Months later another glass of Jane was placed in front of me and those sour memories came back. I politely thanked the donor, took a sip and...what the hell. I took another, then asked for a water back. Swish. Another sip of Jane. What is this? It was a subtle citrus and aged parchment combination, while a smirking chambermaid apparition with a peppermill whispered, "coffeeeee beeeeans" into my ear. What a bouquet. What a nice finish.

And like that, Widow Jane was good again. Perhaps the culprit on my first journey was a poorly-washed or badly-rinsed bar glass, which is both disgusting and unfortunately common.

A couple of Situationals ago I mentioned I was heading to this event: 

New York City hosts a fun annual tradition... the Beer, Bourbon and BBQ Festival in Manhattan...60 beers, 40 bourbons and copious amounts of barbecue.

I sampled 25 different bourbons that afternoon, but one of the few I ventured back to for full-sized pours was Jane.
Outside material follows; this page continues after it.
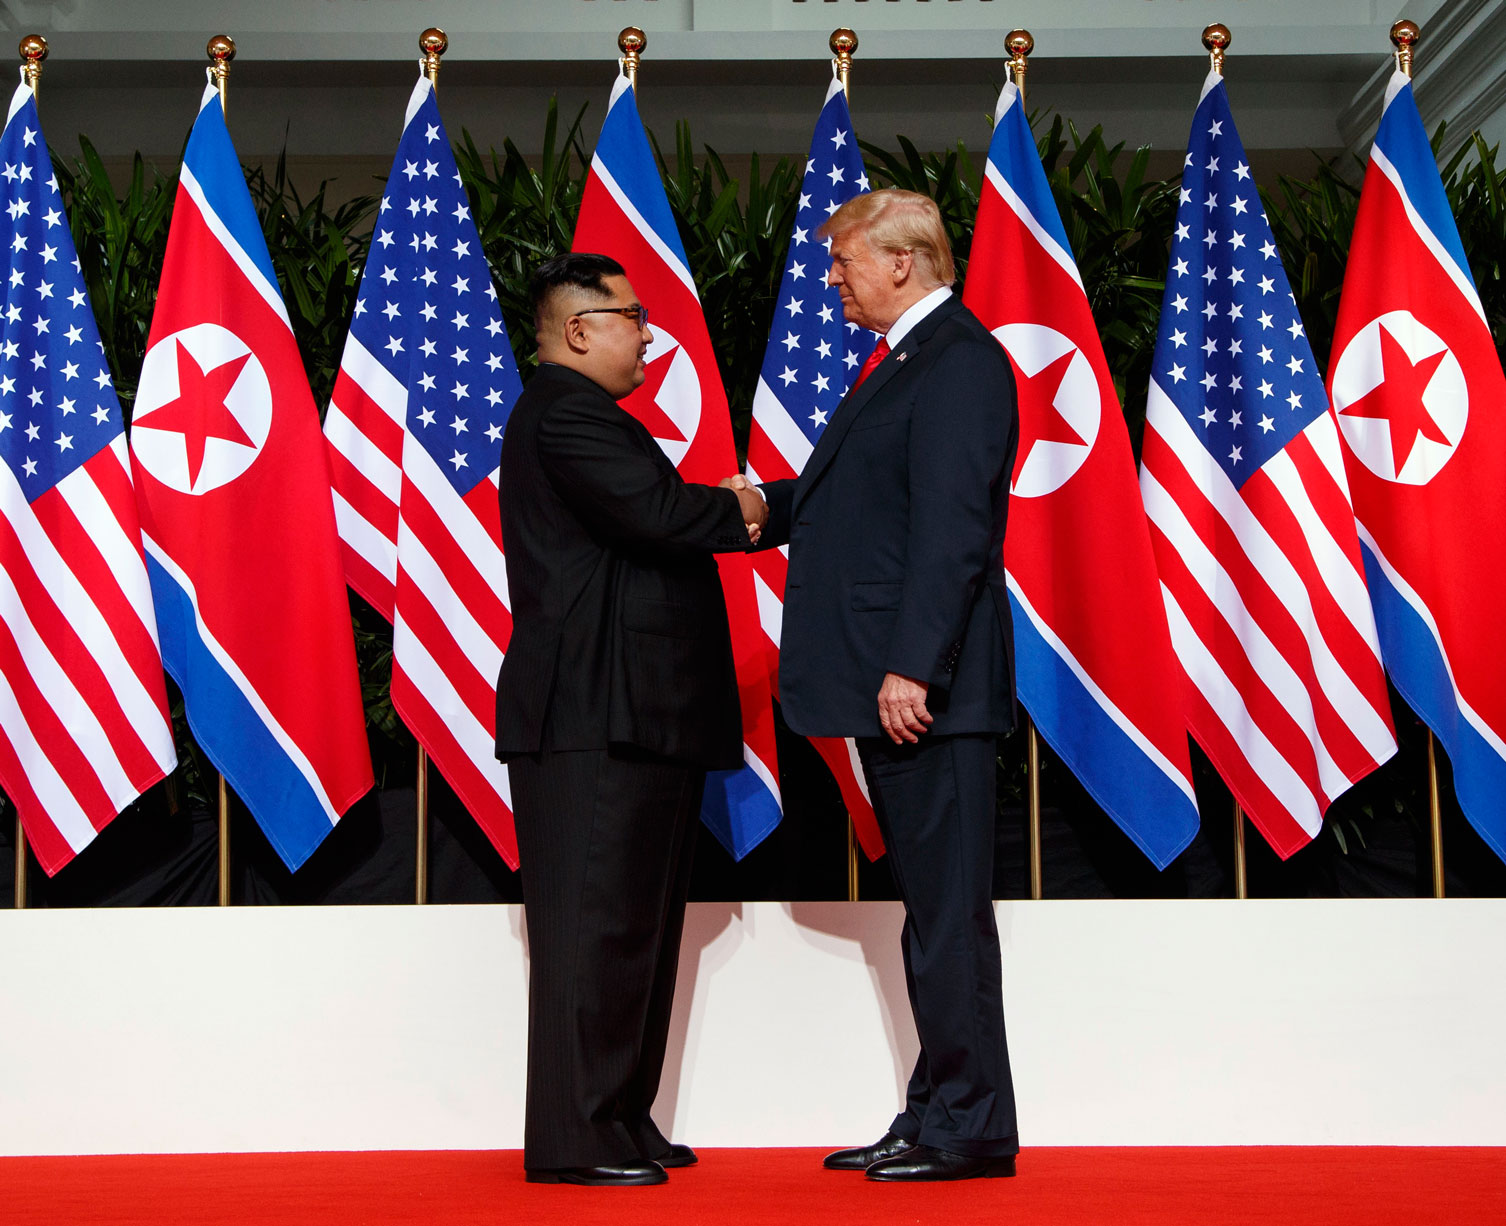 الزعيم الكوري الشمالي كيم جونغ اون في أول لقاء تاريخي مع الرئيس الأميركي دونالد ترامب
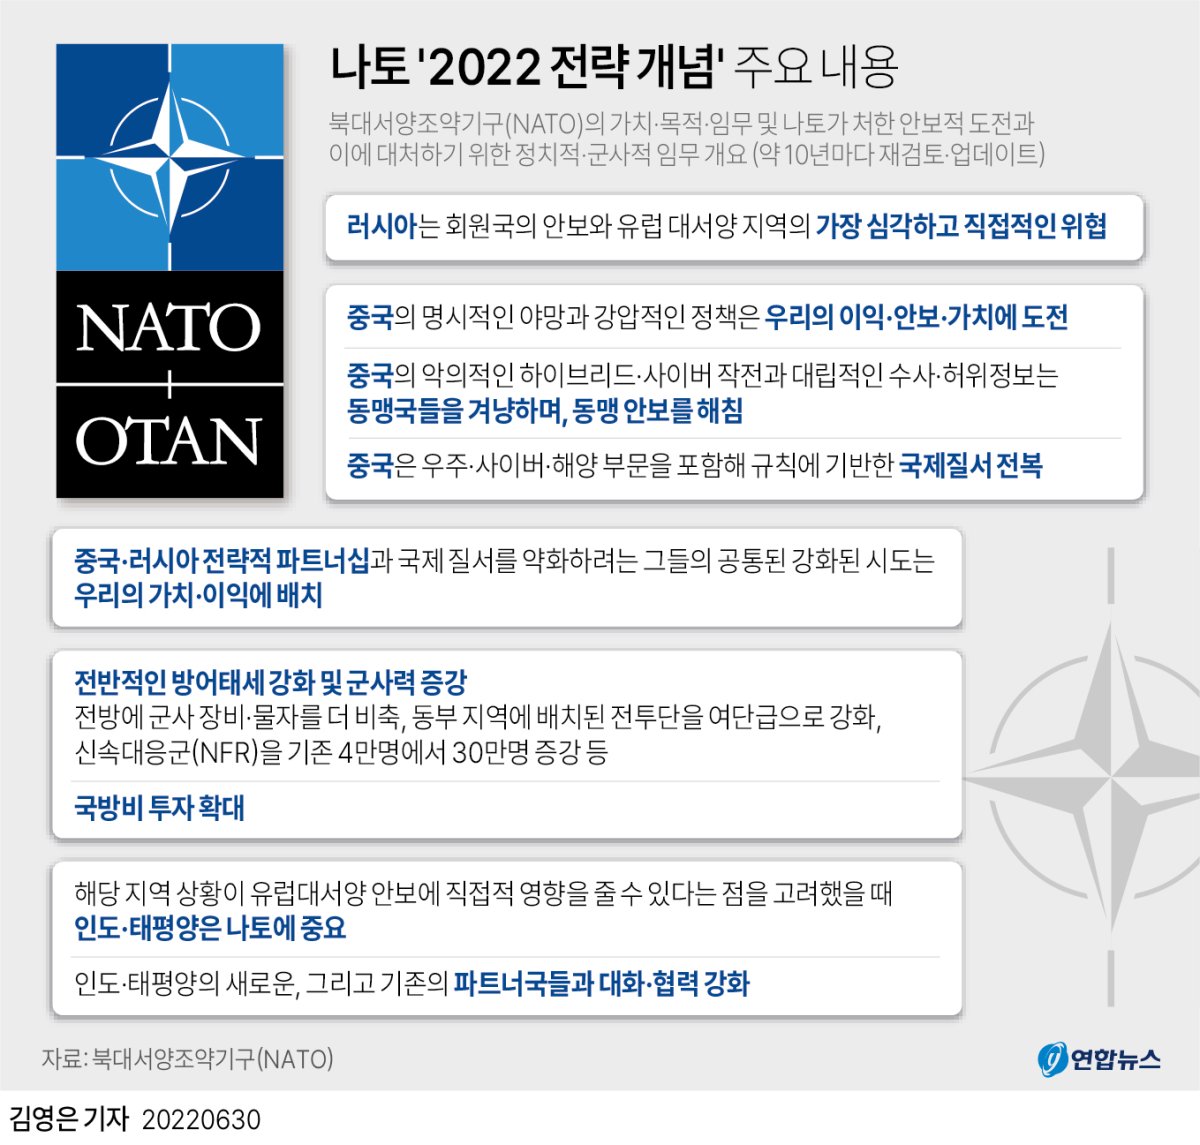 [그래픽] 나토 '2022 전략 개념' 주요 내용

It's recommended, albeit pricey (not at a festival, mind you) and highly compatible with both a clean glass and an earnest second chance.


The Playoff

It would be super uncool to demand that readers watch a 34-year old football movie without giving them a free and convenient way to do so.

Now all you need is a bucket of hot buttered popcorn and a bottle of Widow Jane.

Thanks for getting Situational today. Go Bucks.